Contact Dr. Doblin’s office today for more information.
Positive Airway Pressure (PAP) Therapy
If you’ve been diagnosed with sleep apnea, CPAP therapy can help you regain the sleep you deserve. CPAP devices have made incredible advancements over the years, with modern equipment providing you a comfortable, unobtrusive, quiet way to sleep more soundly—waking refreshed, energized, and ready to take on the day.
Also known as PAP therapy, continuous positive airway pressure (CPAP) therapy provides you with pressurized ambient air delivered through a tubing and mask delivery system. When in place, this delivery system helps to eliminate apnea events during sleep. As the most effective treatment for sleep apnea, CPAP therapy can potentially improve your overnight sleep, and dramatically impact your overall quality of life.
Two of the most common symptoms of sleep apnea are feeling sleepy and fatigued. These symptoms can have a direct impact on your alertness. By helping you return to a normal sleep pattern and improving your breathing while sleeping, CPAP therapy helps you wake up feeling refreshed and alert—a feeling that will continue throughout your day.
A lack of sleep can impact your decision making and ability to concentrate. This can impact everything you do in both your personal and professional life. With CPAP therapy, you’re better able to get the normal, restful sleep you need, resulting in an increased ability to concentrate and make smart decisions.
Snoring doesn’t just impact your sleep, it can also impact those trying to sleep near you. CPAP therapy not only helps to keep your airways open while you are sleeping, it also reduces or eliminates the sound of your snoring. While you may not notice, you bed partner will benefit from a quieter sleep environment.
If you’re living with sleep apnea, everything from your decision making skills at work, to your ability to safely drive your vehicle can be affected. CPAP therapy is the best solution for treating sleep apnea, and can help you get the restful sleep you deserve to regain control of your life.
CPAP Vs. APAP Vs. BiPAP
The 3 types of PAP machines are CPAP, APAP, and BiPAP, and they work by gently blowing pressurized air through the airway to give the minimum amount of pressure to keep the throat open.
An auto-adjustable positive airway pressure (APAP) machine is best known for its ability to offer different pressure rates throughout your sleep, based on how you inhale.
It works on a range of 4 to 20 pressure points, which can offer flexibility to help you find your ideal pressure range.
APAP machines work best if you need additional pressure based on deeper sleep cycles, the use of sedatives, or sleep positions that further disrupt airflow, such as sleeping on your stomach.
The continuous positive airway pressure (CPAP) unit is the most prescribed machine for sleep apnea.
As the name suggests, CPAP works by delivering a steady pressure rate for both inhalation and exhalation. Unlike APAP, which adjusts the pressure based on your inhalation, CPAP delivers one rate of pressure throughout the night.

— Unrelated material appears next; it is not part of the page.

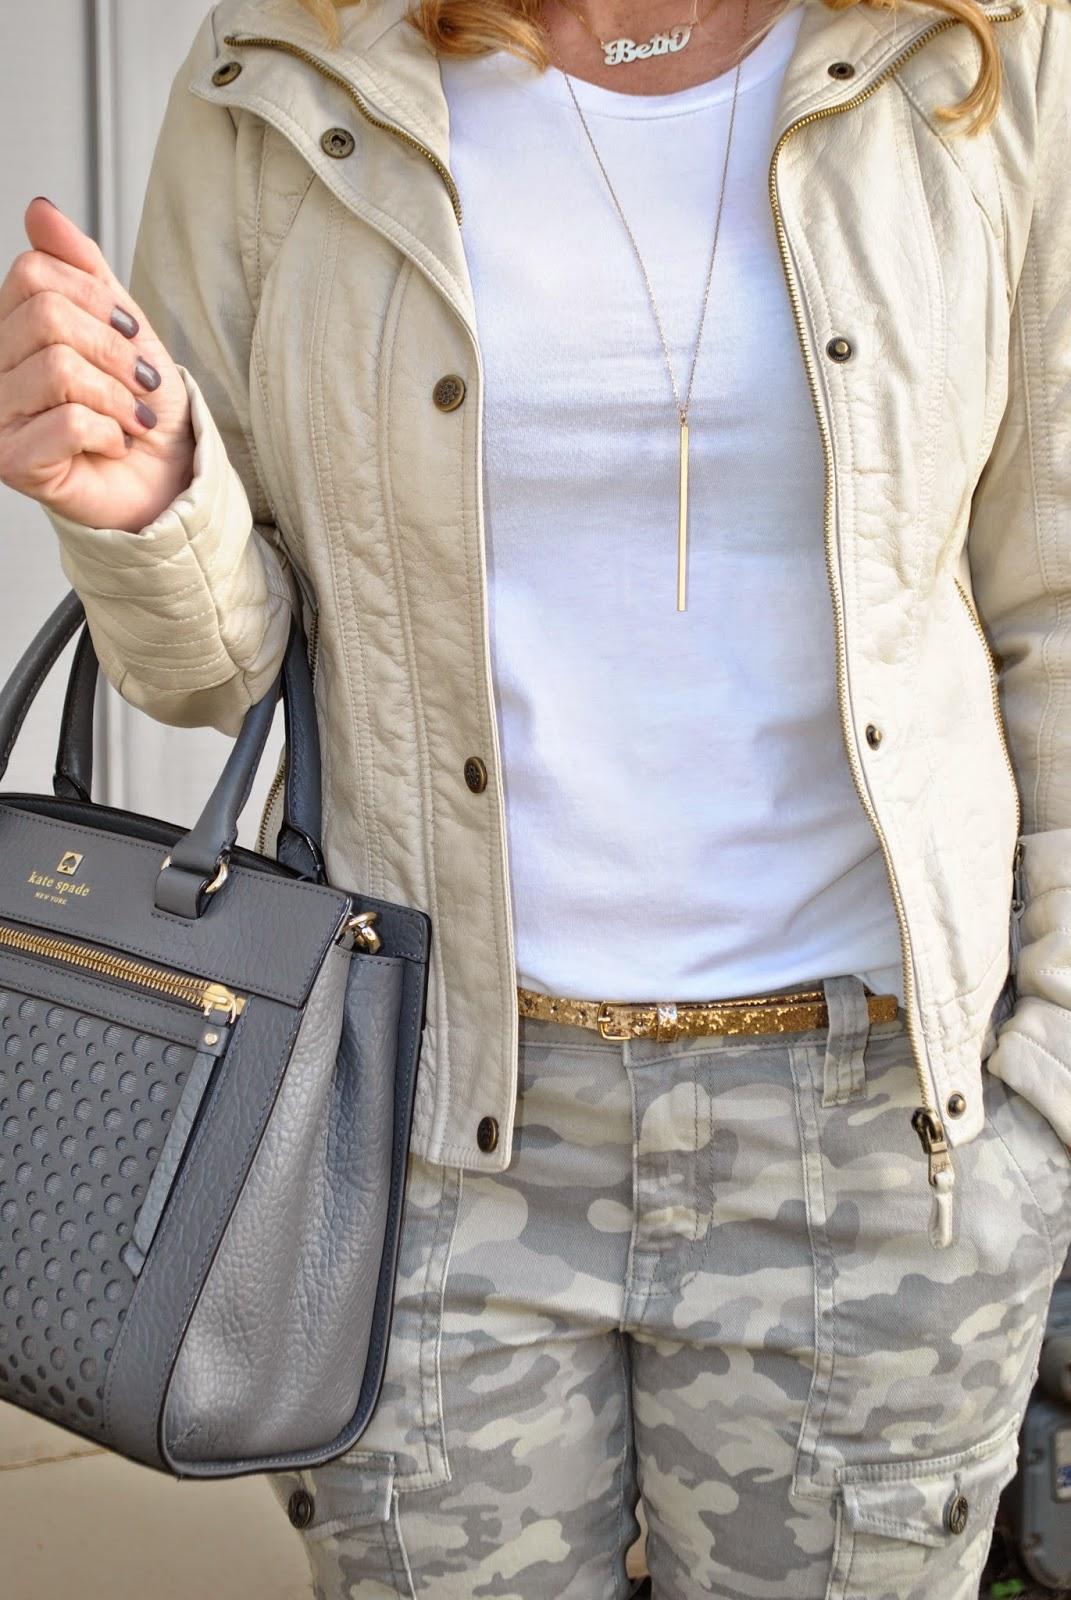 J Crew Sunglasses, Gap Camo Pants, Neutral Prints, Kate Spade Perri Satchel Sunshine and Sequins Fashion Blog

While the continuous rate of pressure can help, this method can lead to breathing discomfort.
Sometimes the pressure may still be delivered while you’re trying to exhale, making you feel like you’re choking. One way to remedy this is to turn down the pressure rate.

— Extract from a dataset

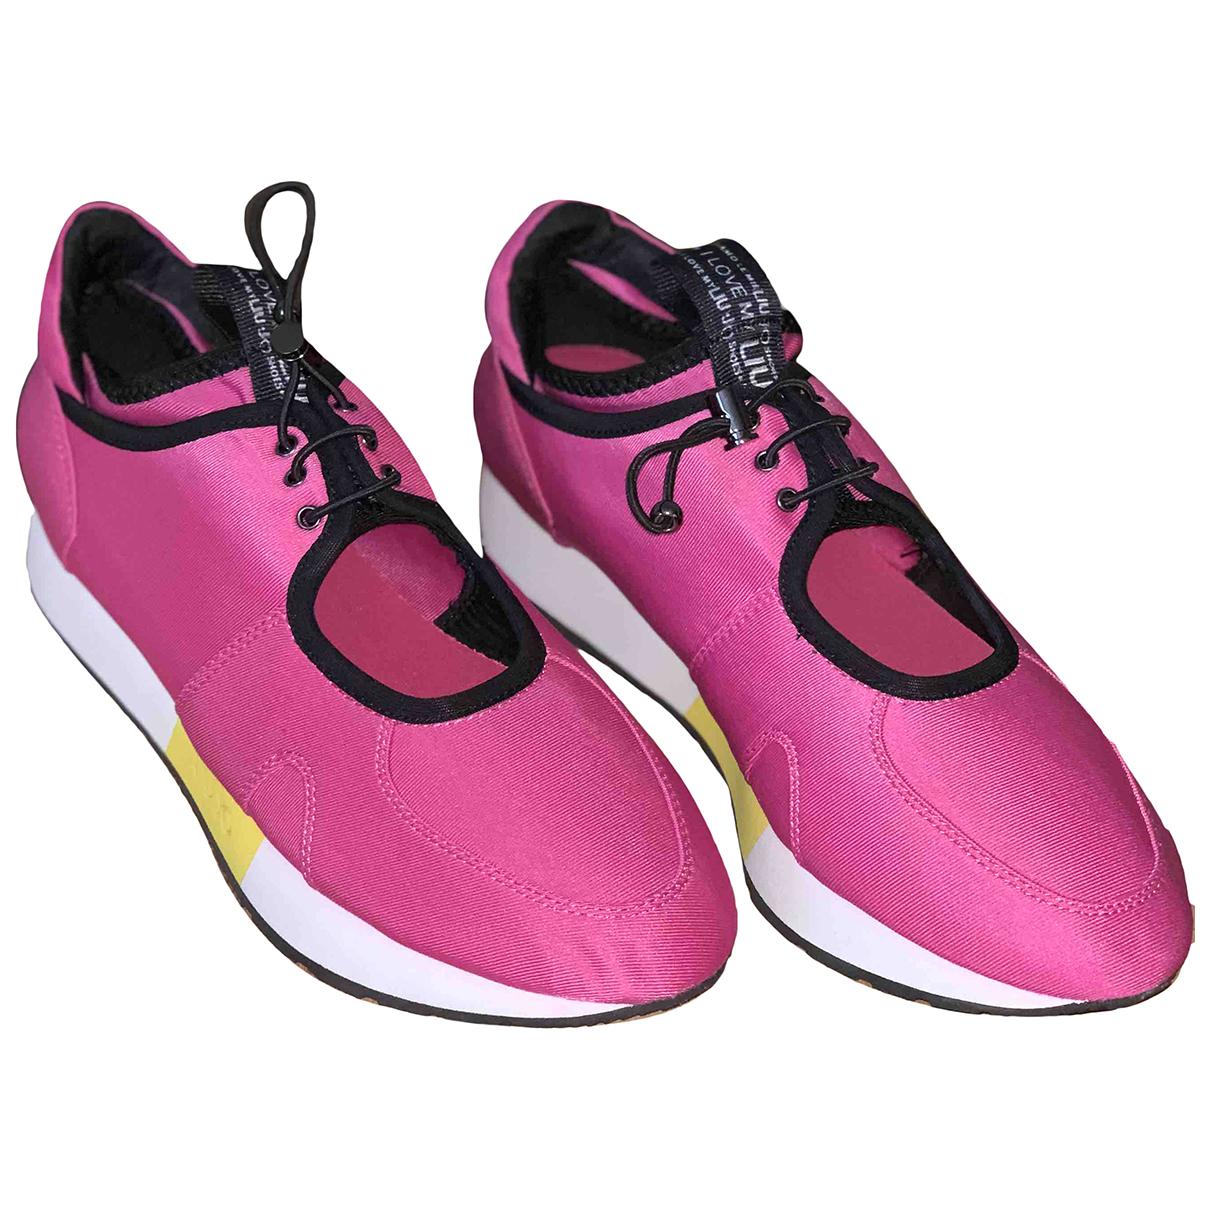 Liu.jo - Baskets   pour femme - rose

The same pressure in and out doesn’t work for all sleep apnea cases. This is where a bi-level positive airway pressure (BiPAP) machine can help. BiPAP works by delivering different pressure rates for inhalation and exhalation.
BiPAP machines have similar low range pressure zones as APAP and CPAP, but they offer a higher peak pressure flow of 25. Thus, this machine is best if you need moderate- to high-pressure ranges. BiPAP tends to be recommended for sleep apnea as well as Parkinson’s disease and ALS.
APAP, CPAP, and BiPAP are all types of flow generators that may be prescribed for the treatment of sleep apnea. Each has similar goals, but an APAP or BiPAP may be used if the common CPAP machine doesn’t work.
Aside from positive airway pressure therapy, it’s important to follow your doctor’s advice on any recommended lifestyle changes. Sleep apnea can be life threatening, so treating it now can greatly improve your outlook while also improving your overall quality of life.